The problem is that he still calls me out of the blue every few months. I've tried reasoning with him and it always ends up with me furiously angry and outdone and frankly hurt. I've told him that until he stops with this group and gets back to being the person I knew I cannot have any part of him. He got mad and called me closed-minded (he's conforming to very negative views with little question about them but I'm closed-minded? Oooookaaayyy.) and dropped out of my life. But a few months later, he called me back.
I can't really go into telling what he's into due to it's inflammatory nature. But it's way far away from anything I condone or would be a part of. How do I make it clear that I can't be involved with someone who believes as he does?
His mother and brother also abhor what he's doing, his mother is livid about it. She and I don't really talk about it much because it upsets us both.

aloe:
This happened about ten years ago. I had a friend that I'd see on occasion.  One time, she offered to send me a travel brochure after I had expressed interest in it.  She mailed it to me and I thanked her for it.

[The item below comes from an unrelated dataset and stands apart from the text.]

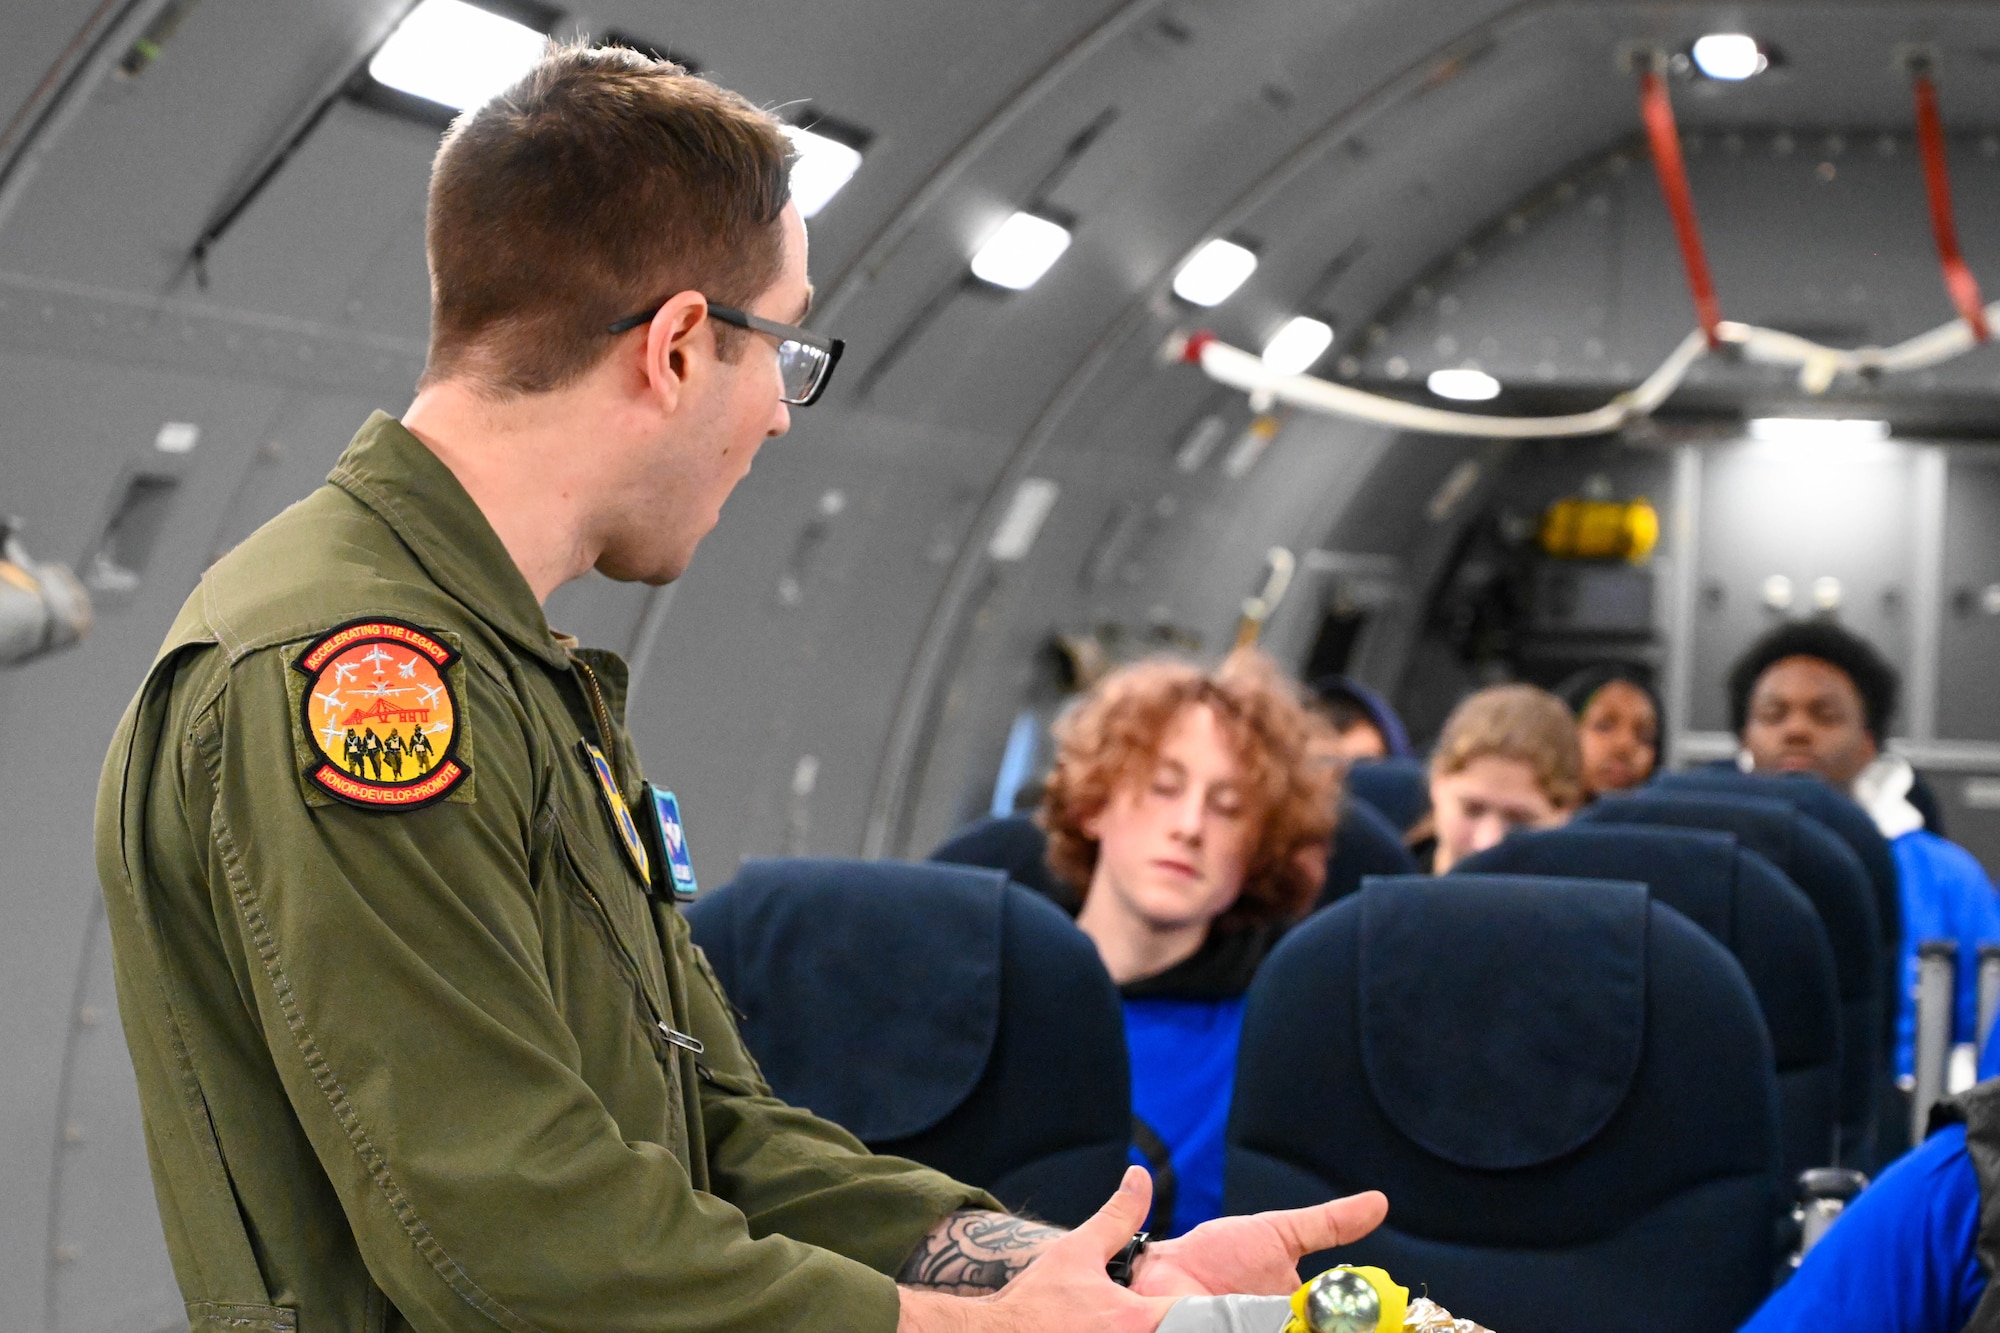 U.S. Air Force Tech. Sgt. Jesse Barber, 56th Air Refueling Squadron boom operator instructor, gives a pre-flight brief to Legacy Flight Academy students at Joint Base Charleston, South Carolina, Feb. 18, 2023. The students spent the day enhancing their STEM knowledge and learning about aerospace-focused military career opportunities. (U.S. Air Force photo by Senior Airman Trenton Jancze)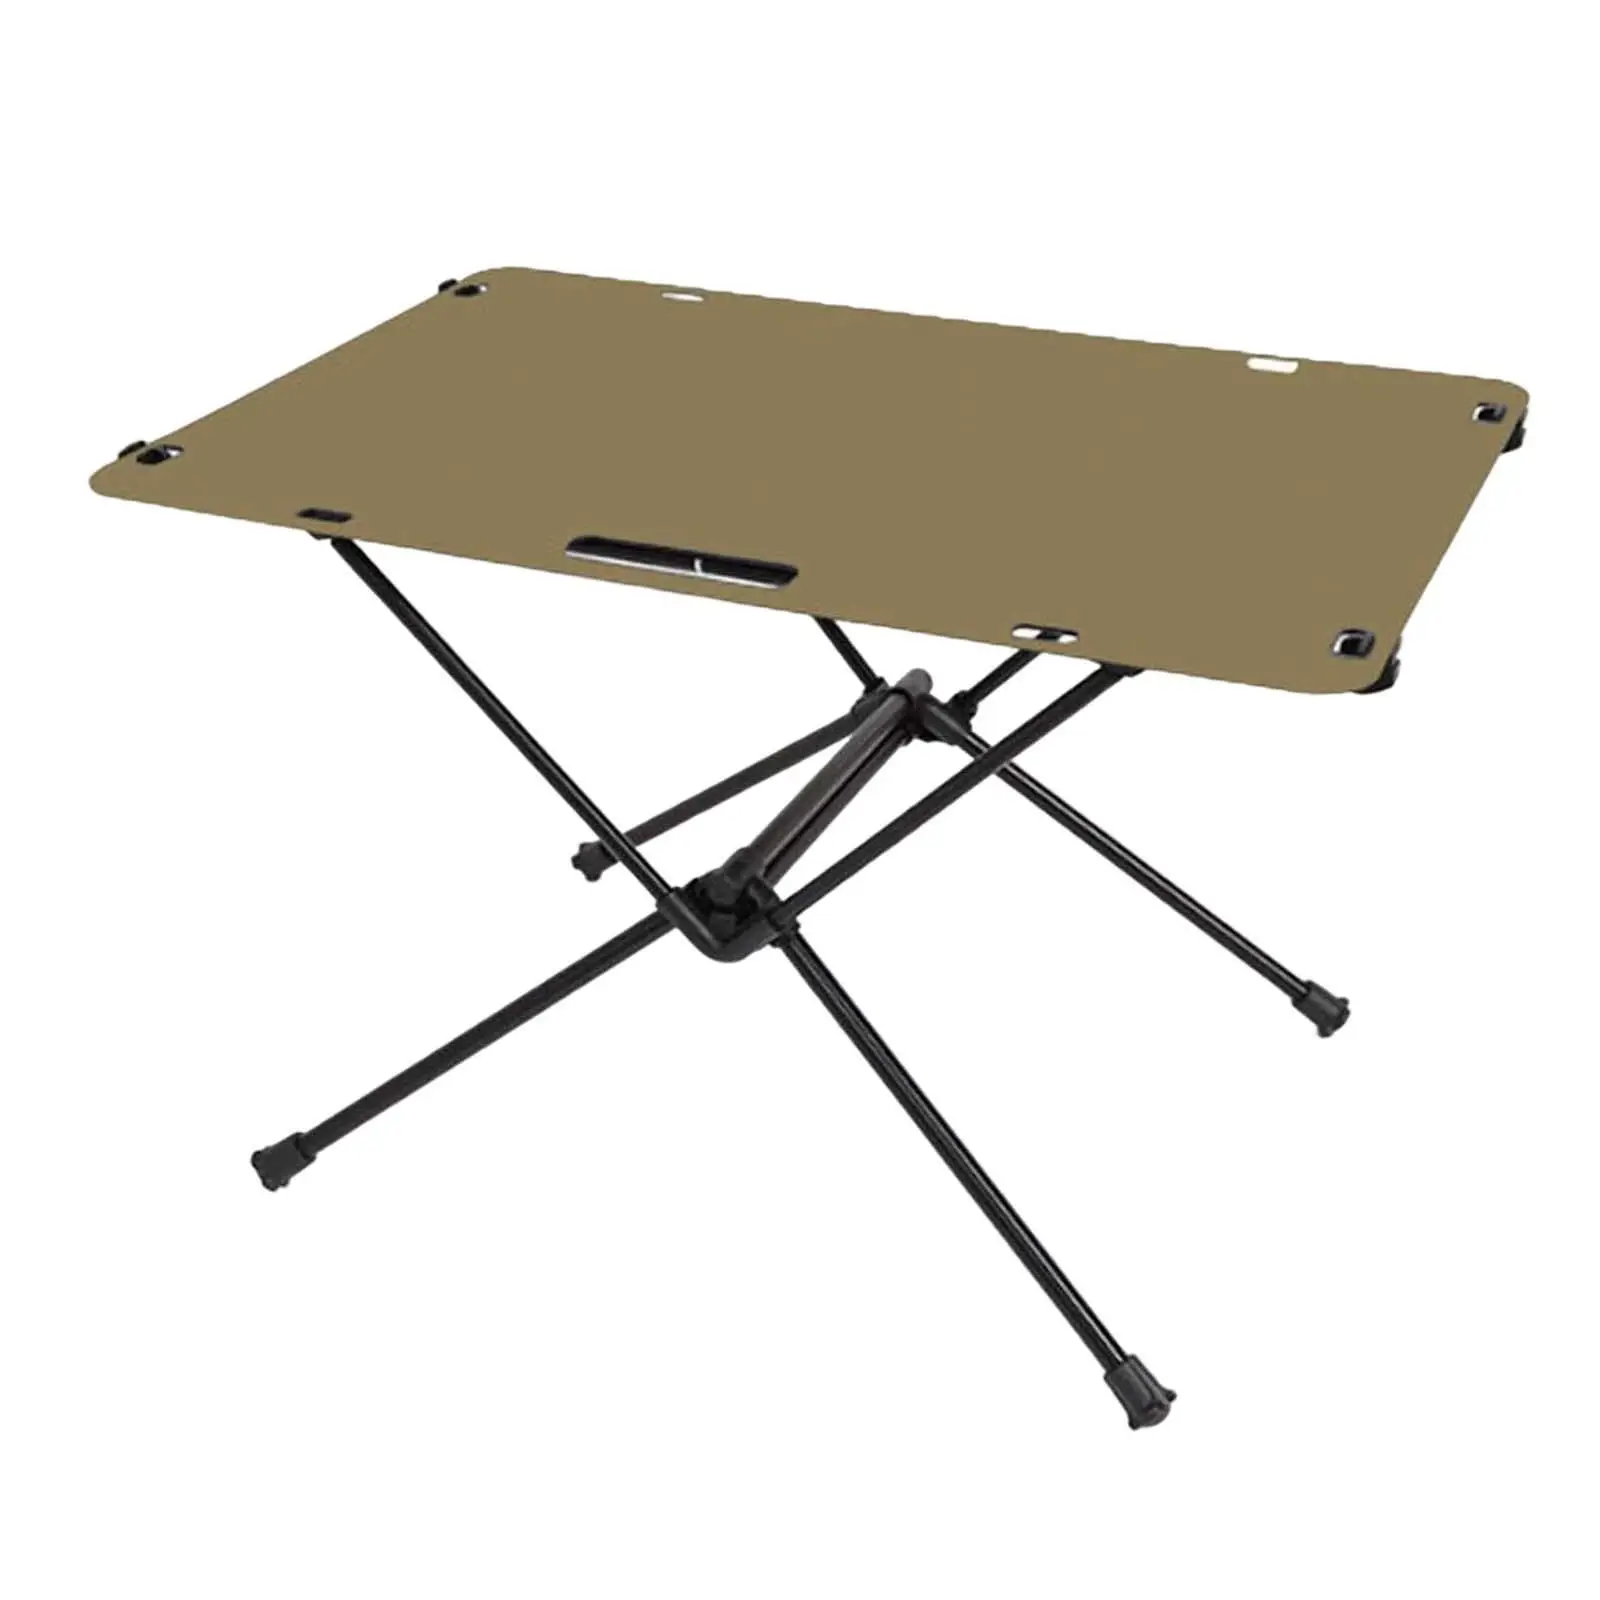 Portable Folding Beach Table with Storage Bag Patio Side Tables Garden Camping Table for Cooking Kitchen Yard Travel Backpacking

A few weeks later, I had lunch with her.  While we were eating, she asked me for the 29 cents she spent on postage for sending me the brochure.  I was floored and speechless, but I gave her the 29 cents.

After lunch, I went grocery shopping with her.  She was checking out and realized that she needed to put something back because it was 5 cents too much.  There was a long line of customers behind us, and here she was what seemed like an eternity messing around about 5 cents.  She's not so poor that she has to count every cent.

I decided then and there that she was too weird and decided not to see her anymore.  I dodged her by telling her I was too busy whenever she tried to contact me. 

Gigi:
Auntie Venom, I'm sorry you've lost your friend.  It's really difficult when someone you love "goes over to the dark side." Is there any chance he's actually suffered some kind of breakdown which caused this personality change?

MsEva:
If you cannot accept the fact that his views are polar opposite from yours then it is time to end the friendship for your sake as well as his. I don't think that giving an ultimatium to him that he must change his views to maintain the friendship is the right thing to say either.

You say he is not stupid, so I'm guessing that he made his choices of his own free will. There's nothing you can do about that. Sometimes people will radically change their views for reasons known only to themselves.

All you can really do is end the friendship. The only explanation you need to give is that your lives have taken different paths. I wouldn't try to argue or reason with him, or get him to change his views. It hasn't worked and you're only hurting yourself.

{{{hugs}}} I lost a "brother" like that too, and it's an awful feeling.

ccnumber4:

--- Quote from: MsEva on January 16, 2007, 09:28:44 AM ---The only explanation you need to give is that your lives have taken different paths.
--- End quote ---

I think this is the way to go, here.  It's sad all around, but this response lays blame on no one and doesn't disrespect either of your views.